Table 4 Relative accuracy on real time blood glucose concentration level

The system shows consistent results with average accuracy of around 88%, showing the system efficiency with reliability. Compared to other existing related technologies, this system is simple to operate and cost effective without any calibration prerequisite.

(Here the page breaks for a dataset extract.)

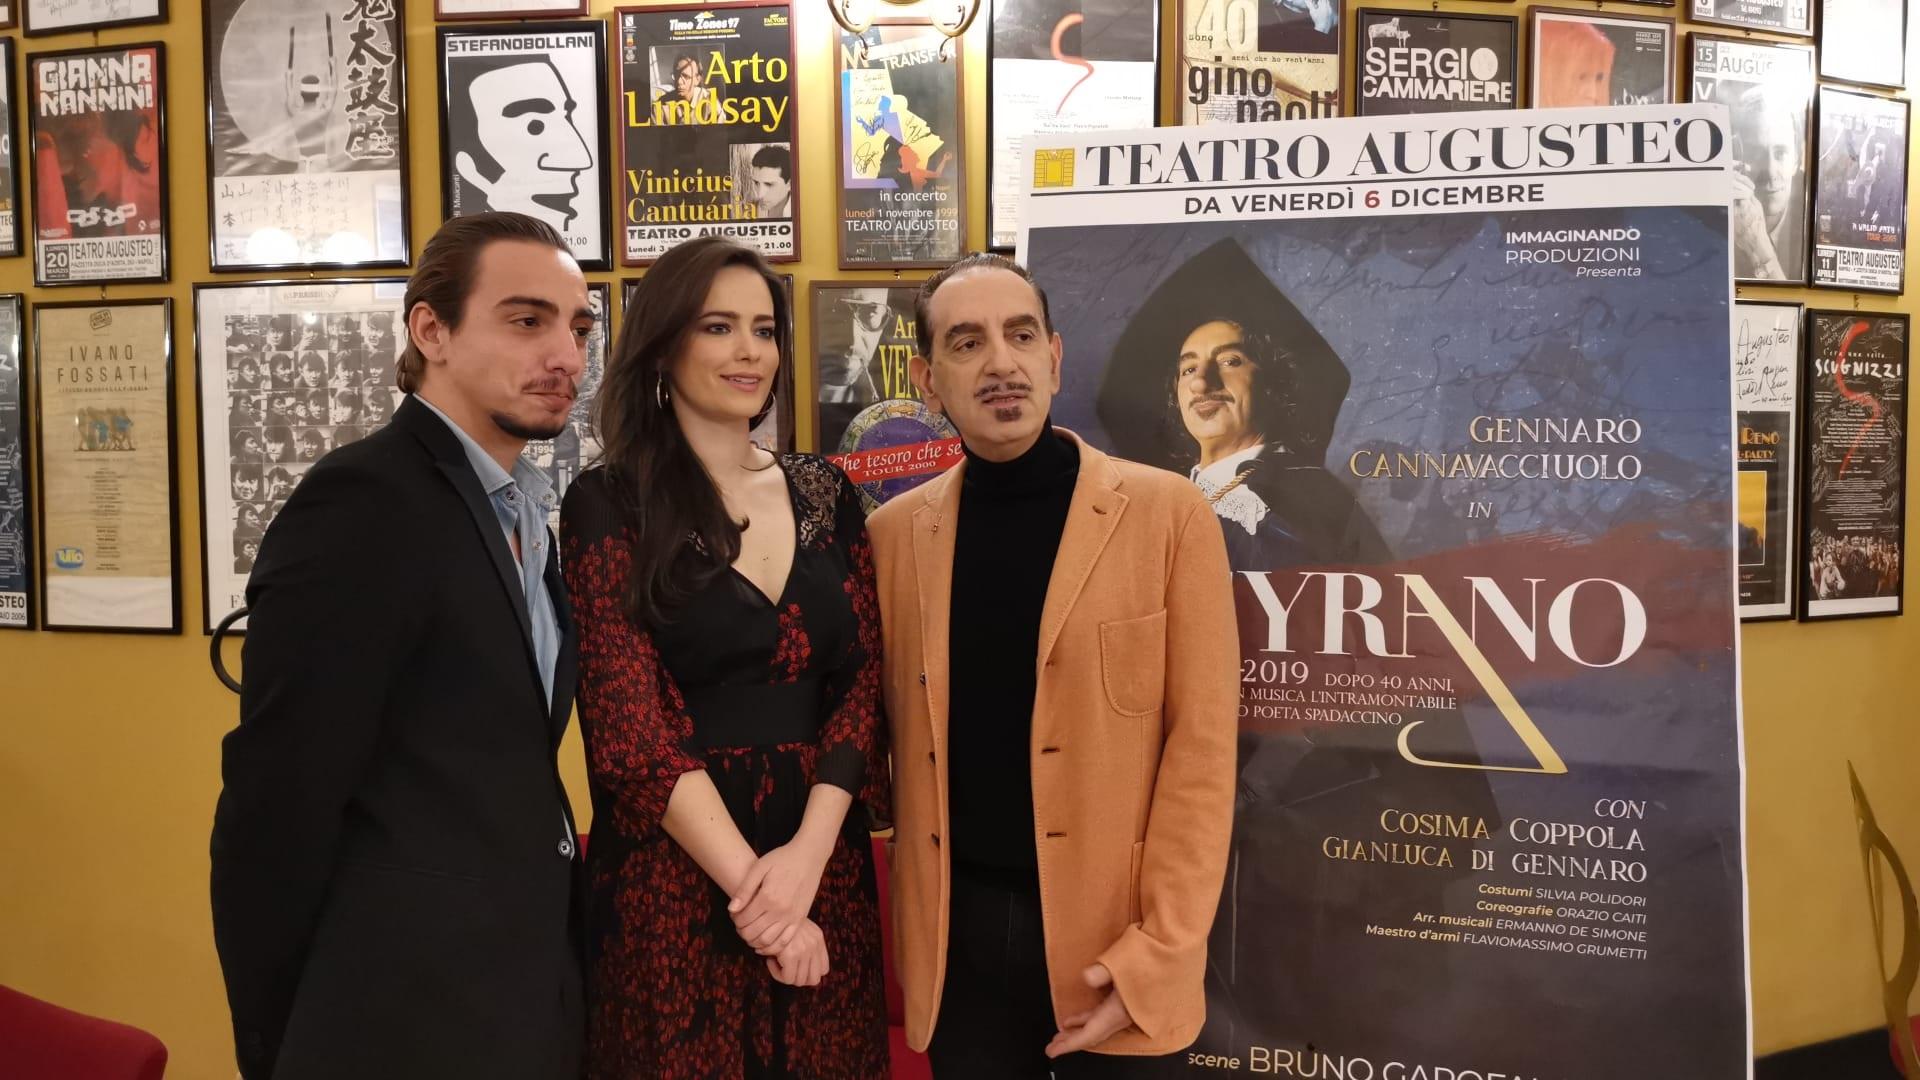 Il musical fu rirpeso 40 anni fa dalle telecamere Rai, poi chuso in un cassetto. Oggi in scena fino al 15 dicembre al Teatro Augusteo.

Human subjects have different body mussel composition with flash, skin, blood vessel, fat, bone etc. which cause deviation in change of dielectric properties. Received signals usually get affected by these artefacts. Previously this system was executed through hand mussel where the accuracy observed 82% [23]. Thus present result shows 6% improvement and confirms that use of DANN with the generation of signal through a body part with steady and sufficient blood contents exhibit a better performance.

4 Conclusion

The DANN and UWB based blood glucose level estimation and monitoring without using any blood sample is proposed here. This system works with approximately 88% accuracy, showing its suitability to be implemented in practice in near future. The system is non-invasive, user friendly in terms of GUI, affordable and is suitable to be used both by doctors at hospital and end users at home for regular BGCL measurement. In future, the numbers of pathological blood investigations can be computed through one system with having single input. Increased sample size, optimum deep learning AI and reduced signal to noise ratio while measuring data can have led to better accuracy, which is presently under investigation by our research team.